ACLU Challenges Cleveland’s Anti-Panhandling Laws

CLEVELAND (CN) – A disabled veteran and a nonprofit advocacy group for the homeless backed by the American Civil Liberties Union of Ohio claim Cleveland’s anti-panhandling ordinances violate First Amendment rights.

In a federal lawsuit filed Tuesday in Cleveland federal court, John Mancini and the Northeast Ohio Coalition for the Homeless, or NEOCH, say two Cleveland ordinances that criminalize panhandling are unconstitutional, content-based restrictions on free speech.

“Cleveland is aggressively charging poor, and homeless, residents with a crime if it catches them asking for help,” ACLU attorneys say in a memorandum accompanying the complaint.  “These ordinances were expressly crafted to drive a disliked form of speech (panhandling) and speaker (homeless or very poor individuals) from public view.” (Parentheses in original.)

Mancini and NEOCH seek a temporary restraining order and a preliminary injunction enjoining the city of Cleveland from enforcing its anti-panhandling ordinances.

The lawsuit names as defendants the city, Mayor Frank Jackson and Chief of Police Calvin Williams.

The lawsuit claims the Cleveland Police Department has issued over 5,800 tickets for violations of the anti-panhandling ordinances between 2007 and 2015.   These laws allegedly target the homeless and destitute who generally cannot afford to pay the associated fines, so they often end up being jailed.

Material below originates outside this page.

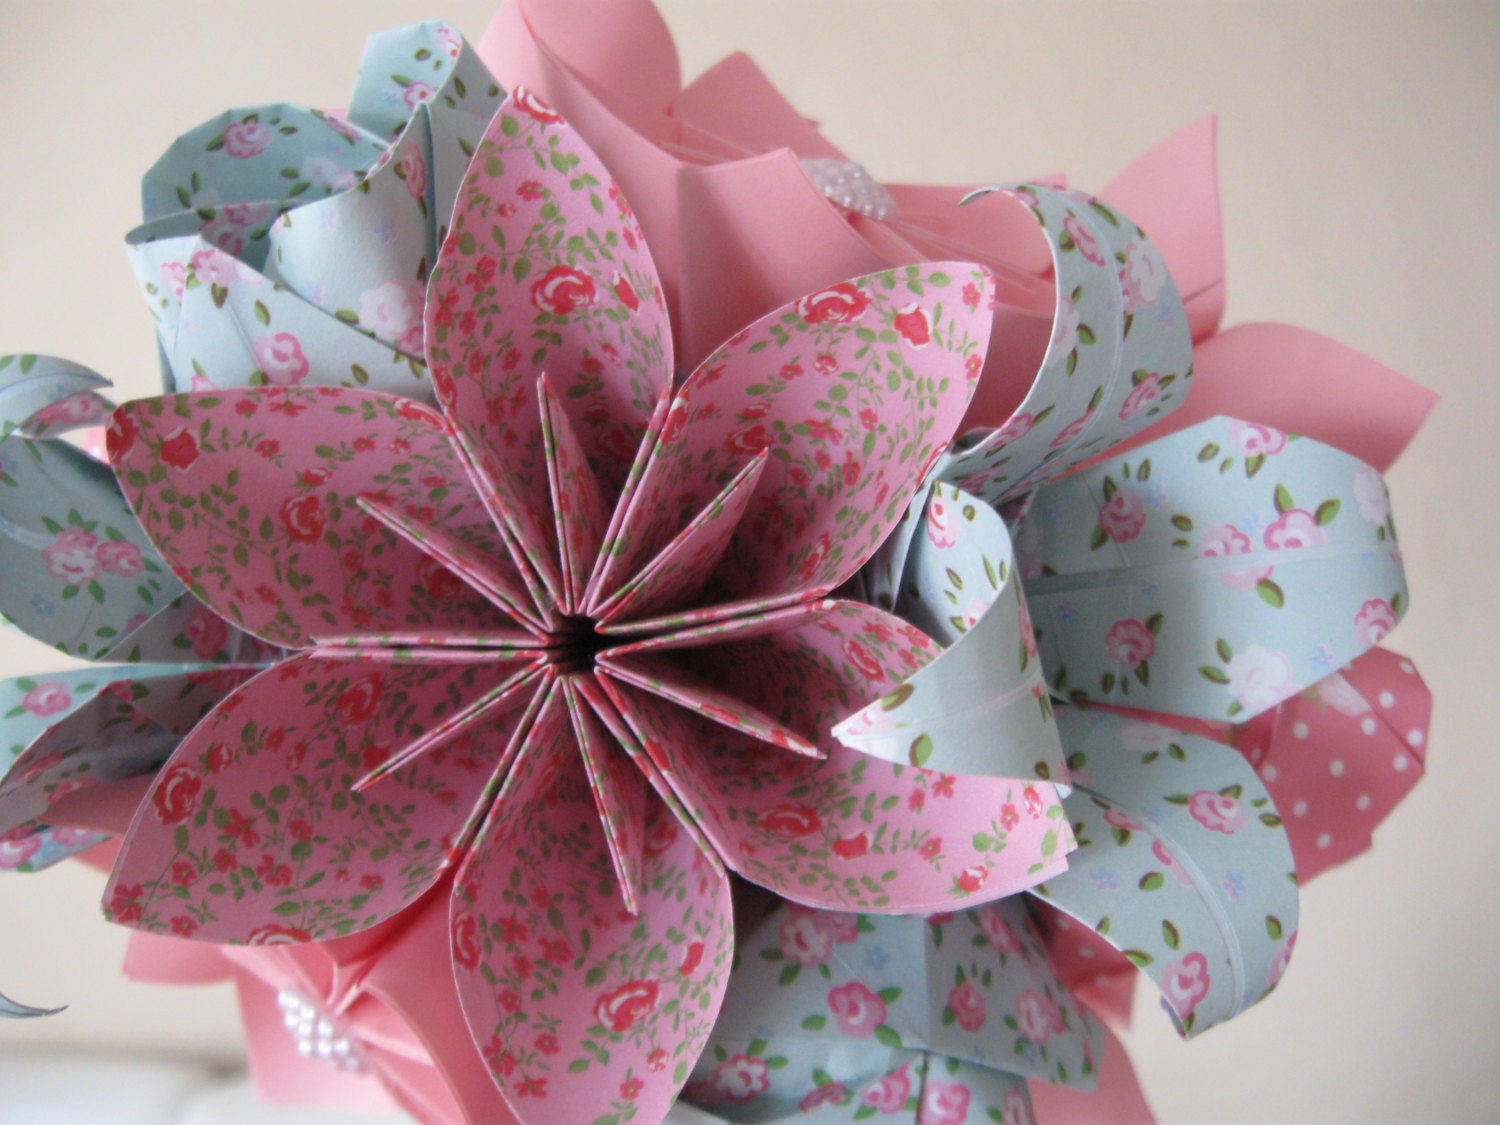 small ball flower origami Paper Wedding Blue Pink Etsy by Origami bouquet on flowers Palisya

Mancini is a disabled veteran who says he typically sits quietly on a sidewalk or stands alongside a roadway holding a cardboard sign that reads, “wartime vet; can you please help a vet trying to get by; your help appreciated.”

In December 2016 and January 2017, he was ticketed four times and convicted once for violating Cleveland’s anti-panhandling ordinances, according to the lawsuit.

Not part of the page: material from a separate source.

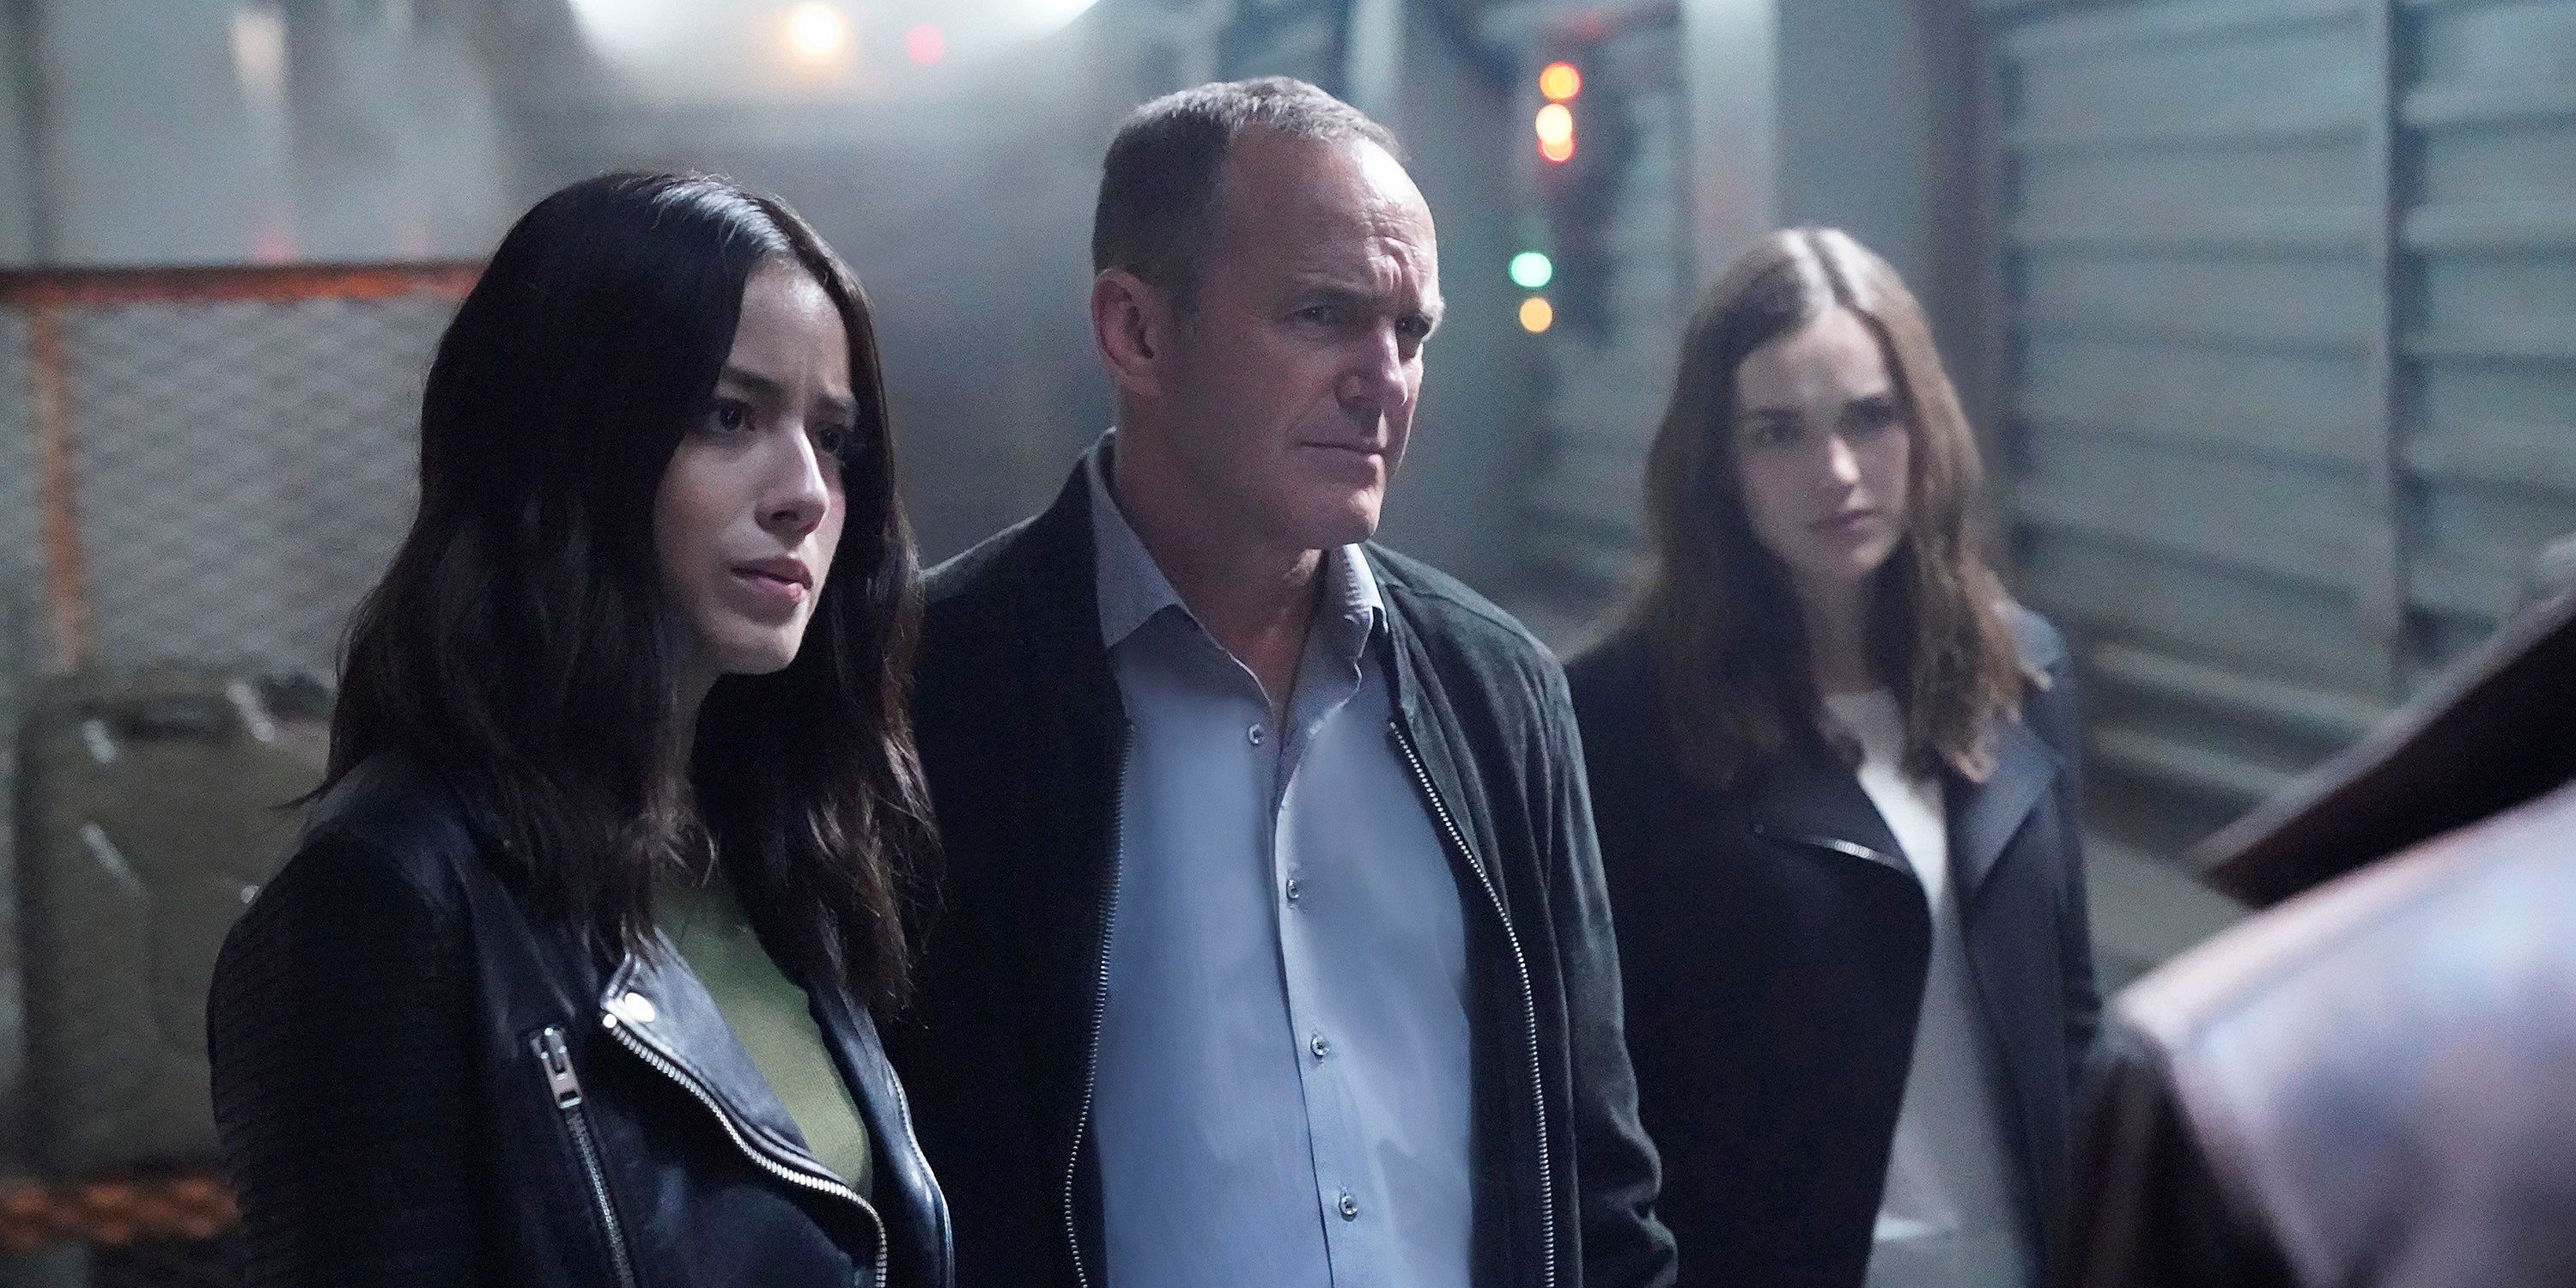 Chloe Bennet as Daisy Quake Johnson, Clark Gregg as Phil Coulson and Elizabeth Henstridge as Jemma Simmons in Agents of SHIELD

The first ordinance in question is Cleveland Municipal Ordinance 605.031, which is officially titled “aggressive solicitation.” It prohibits panhandling within a 10-20 foot buffer zone around specific areas like ATM machines, bus stops, outdoor restaurants and valet zones. It also bans panhandlers from soliciting a donation from a person twice or asking a person to reconsider once they’ve said “no.”

The other ordinance is Cleveland Municipal Ordinance 471.06(b)-(d), which prohibits soliciting or accepting contributions near any roadway, but contains exceptions that permit solicitation for police and firefighters asking for contributions for “bona fide charities.”

Mancini and NEOCH argue these ordinances violate the free-speech protections guaranteed under the U.S. and Ohio Constitutions.

“By expressly targeting panhandling speech based on its subject matter, function, or purpose, Cleveland’s Anti-Panhandling Ordinances are content-based restrictions on speech that are presumptively unconstitutional,” the lawsuit states.

In a memorandum in support of the plaintiffs’ motion for temporary restraining order and preliminary injunction, the ACLU argues, “Cleveland’s ordinances are plainly unconstitutional under a long and ever-growing list of precedent from the Supreme Court, the Sixth Circuit, and federal courts from Massachusetts to Hawaii.”

“Against this backdrop of firmly established law, cities across Ohio (and indeed the nation) have repealed anti-panhandling laws like Cleveland’s, rather than face a losing judicial battle,” the memo states. (Parentheses in original.)

The case is assigned to U.S. District Judge Donald Nugent.

A spokesman for the city of Cleveland said it does not comment on ongoing legal matters.

In addition to a restraining order and injunctive relief, Mancini and NEOCH seek an unspecified amount of damages and attorneys’ fees.

They are represented by Joseph Mead in Cleveland and also by Freda Levenson and Elizabeth Bonham of the ACLU of Ohio. Mead is a volunteer attorney with the ACLU.

“Do we really want the government to decide what people are and are not allowed to talk about?” Mead said in a statement. “The First Amendment means that cities cannot ban speech simply because people would rather not hear the message. Yet that is precisely what Cleveland’s ordinances do. They single out and punish panhandlers who ask for money, but do not punish any other type of speech.”